Als Kastration wird auch die Zerstörung der Hoden, z.B. durch ionisierende Strahlung (benötigt wird eine Gesamtdosis von ca. 10-12 Gray), oder die Unterdrückung der Hormonproduktion durch Pharmaka ("chemische Kastration") bezeichnet.

Bei Frauen ist die Verwendung des Begriffes "Kastration" nur im umgangssprachlichen Sinn nicht üblich.
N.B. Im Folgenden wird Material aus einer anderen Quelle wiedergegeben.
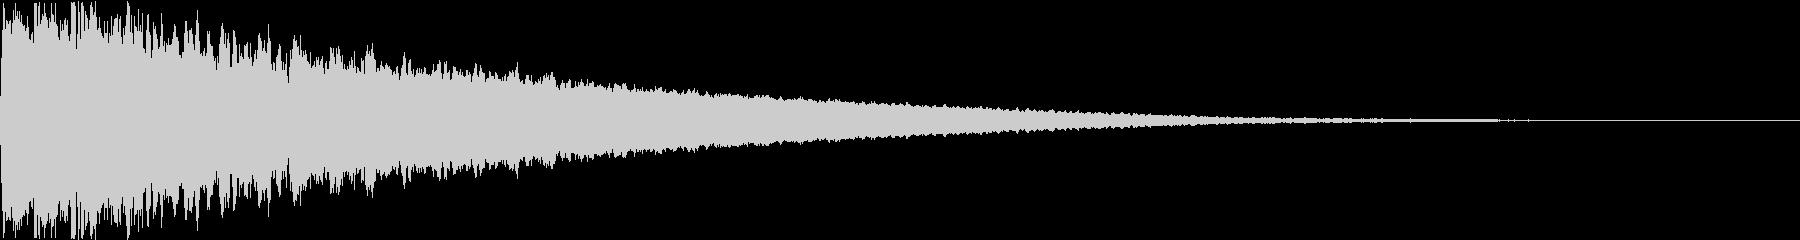 シャキーン キュイーン シュキーン 01の未再生の波形
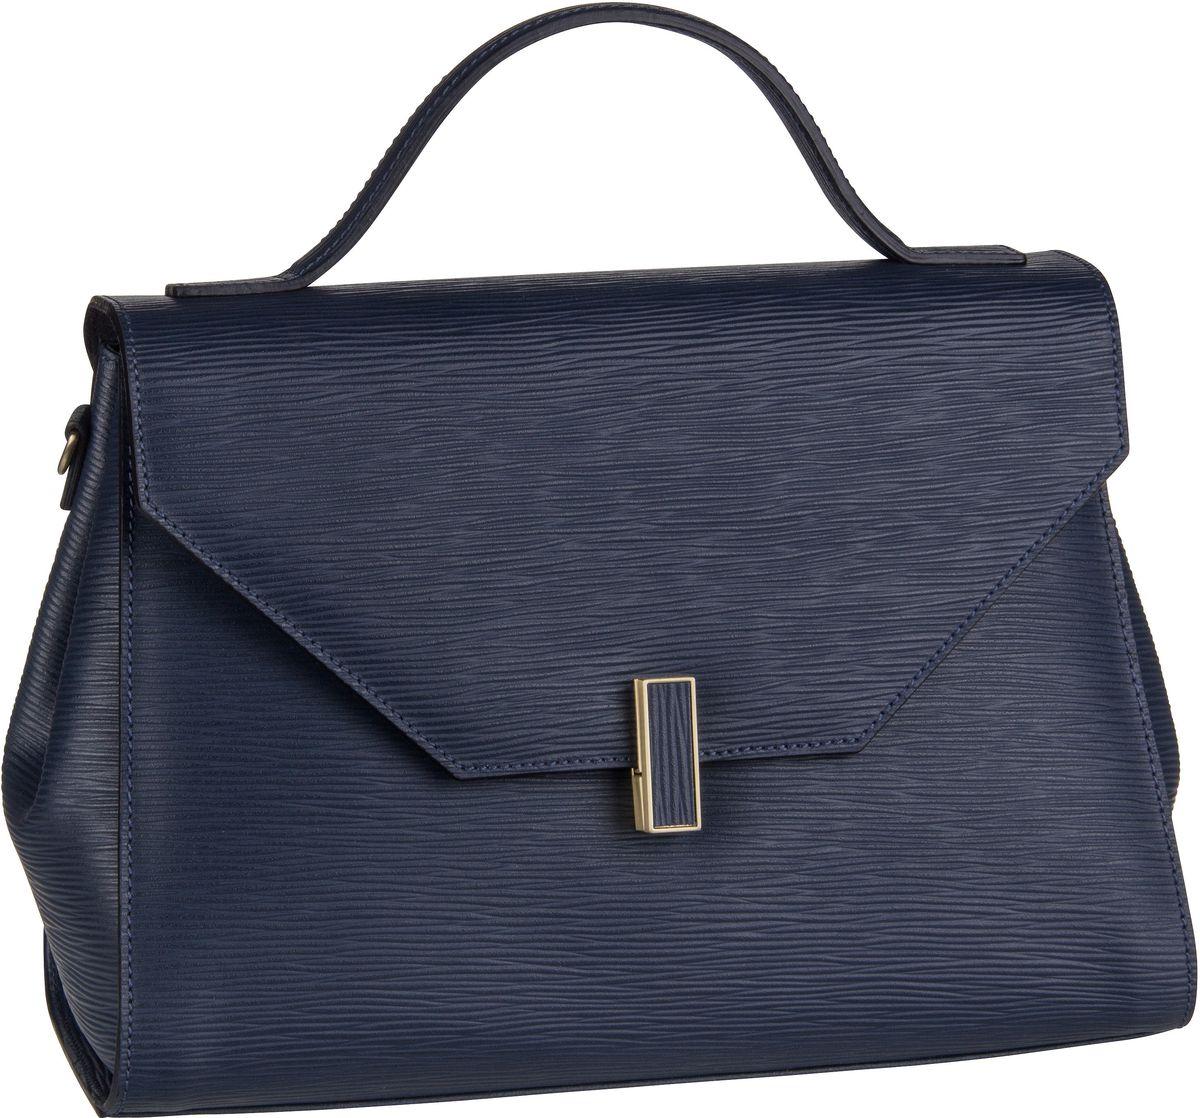 Handtasche Vanity 4832 Navy

In der Medizin ist darunter eine Entfernung der hormonproduzierenden Eierstöcke zu verstehen.

Wird der Penis eines Mannes gewaltsam oder durch einen Unfall entfernt, ist dieser Mann entmannt worden. In der griechischen Mythologie erleidet Uranos dieses Schicksal, als er von Zeus entmachtet wird.

Folgen

Beim Menschen hat eine Kastration vor der Pubertät nicht nur ein Ausbleiben des Stimmbruchs zur Folge, sondern auch ein verändertes Wachstum und ein Ausbleiben der männlichen Körperbehaarung.

Bei Kastration im Erwachsenenalter können Fettleibigkeit, Antriebsarmut, eine Veränderung der Behaarung und eine Abnahme der Libido oder sogar Impotenz auftreten. Oft gehen mit einer Kastration auch tiefgreifende Persönlichkeitsveränderungen, eine gesteigerte vegetative Labilität und Depressionen einher.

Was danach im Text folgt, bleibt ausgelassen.